If you want to change that dynamic, you have to change yourself by setting new boundaries, putting yourself and your well-being at the top of your list, saying no, and deciding to hang out with people who actually care about your needs as much as their own. Easier said than done, I know, but people will only treat you the way you treat yourself.
No need to blame these parasites for all of their taking though because you taught them it was ok. Your over-giving and self-scrificing nature invited them in and perfectly demonstrated what you believe to be true: everyone else's needs are more important than yours.
The people around you cannot be faulted for acting in accordance with your beliefs, so if you're sick of feeling burnt out, resentful, used, undervalued, and taken for granted, you need an inner shift. You need to look within and ask yourself why you need to feel needed, why you feel the need to fix others, why you do not feel worthy of your own love, and why you can't say no to them and yes to yourself.
5. No one but you (and me) will give you permission to change something. Don`t let that stop you.
More often than not, the people around us are invested in us staying exactly where we are. Therefore, it`s up to you to make the decision to change even if others might throw a hissy fit because of it. Unless you have a really super and supportive partner, mother, father etc already, you will rarely hear someone you love say 'Sure, go change in a BIG way and I'll deal with it no problem!'. Change is uncomfortable for everyone and when you change it forces everyone around you to change as well to match the new you. Some people can do that without much fuss but some can`t handle it and that`s when there`s a split.

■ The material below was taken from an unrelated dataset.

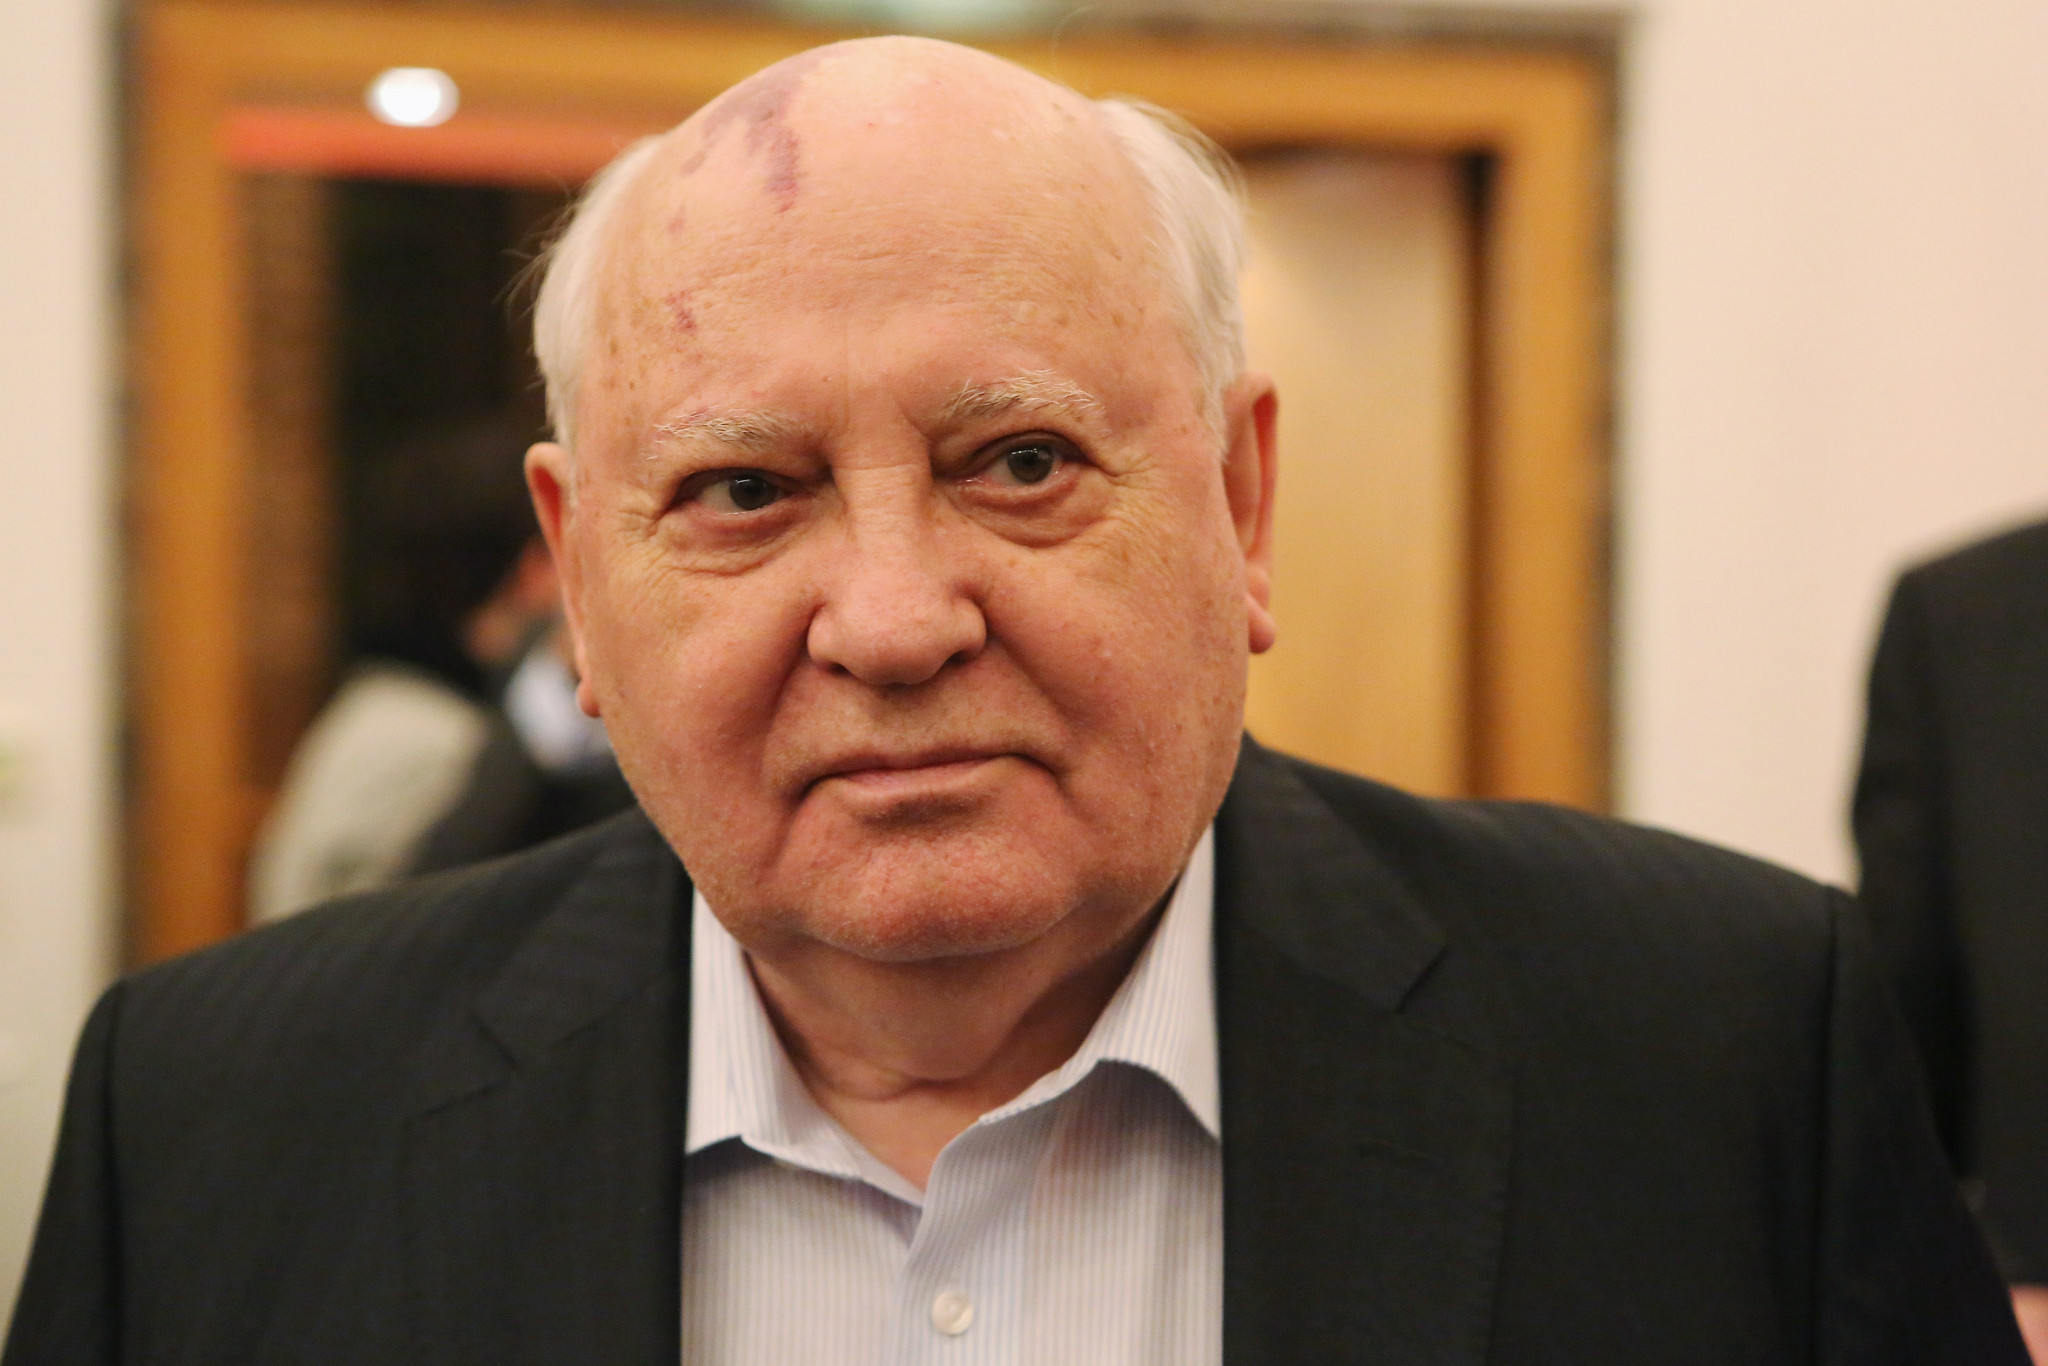 Gorbachev, whose era as Soviet leader redrew Olympic landscape, dies aged 91

If you start feeling better about yourself than those around you are used to, it might make them feel insecure, threatened or scared. That`s natural because they have no idea what these new changes will mean for them and your relationship. It`s human nature to hang on to the way things were, even if there`s something better on the horizon, because we are all most comfortable with what`s familiar.
So let`s say you have been married for years and you have been overweight most of your life. Then one year you lose all the weight and feel way more energized, confident and happy. Maybe even happier then you`ve ever been because you get to wear all these new clothes in these new sizes and you feel like a different person or maybe you just feel like the person you were always meant to be.

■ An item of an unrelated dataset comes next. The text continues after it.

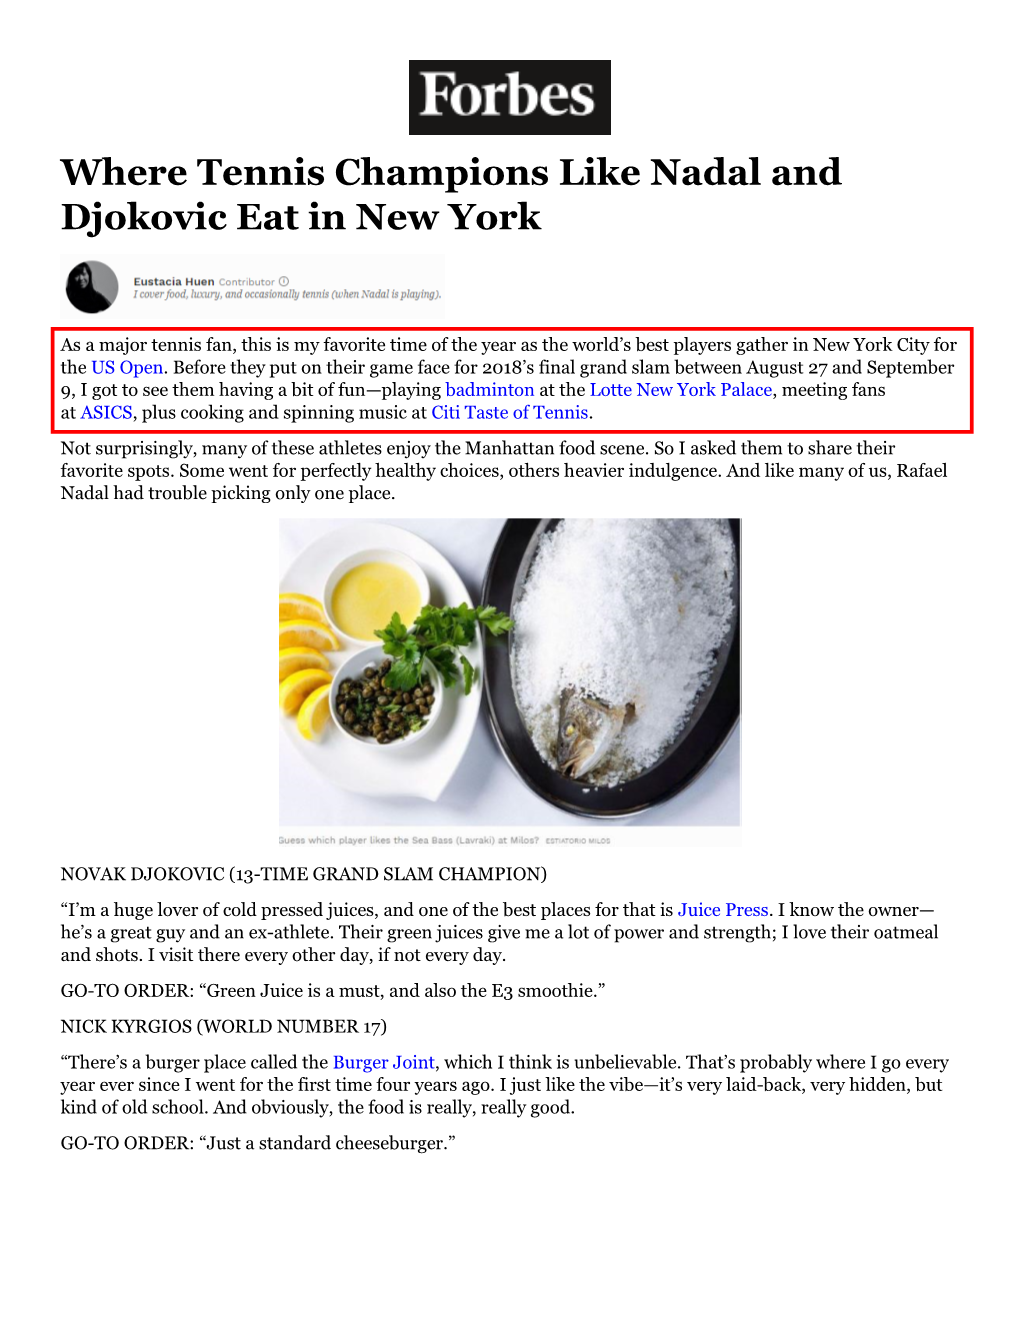 Where Tennis Champions Like Nadal and Djokovic Eat in New York

You`d think your hubby would be totally happy for you and hot for this new version of the woman he adores, but sometimes that isn`t what happens. He might feel quite resistant to the new you because maybe he was struggling with weight too and feels shitty that now he is on his own. Or maybe he fears your increased confidence will attract more men and that maybe you`ll be tempted to leave him; something he might not have worried about in the past if you felt badly about yourself. So you may start to receive guilt trips, snide remarks or other things that might make you question if you did something wrong or that maybe you`re the one responsible for his feelings. You`re not. His issue, not yours.
If you`re a hottie who wants to be empowered, you are going to have to accept that many of the choices you make to better your life may not necessarily be supported by those around you unless they share the same goals. That is not a reason to stop growing.
Of course it doesn`t feel good when those we love don`t approve of something we do, but it feels even worse to live a life based on the desires and opinions of others. That is no life at all.
You`re here for you and to share your awesomeness with everyone else. You get to decide what you want and go after it. You don`t need their permission and you certainly don`t need mine. You just need a reason to want more for yourself, because once you do, you`ll get it.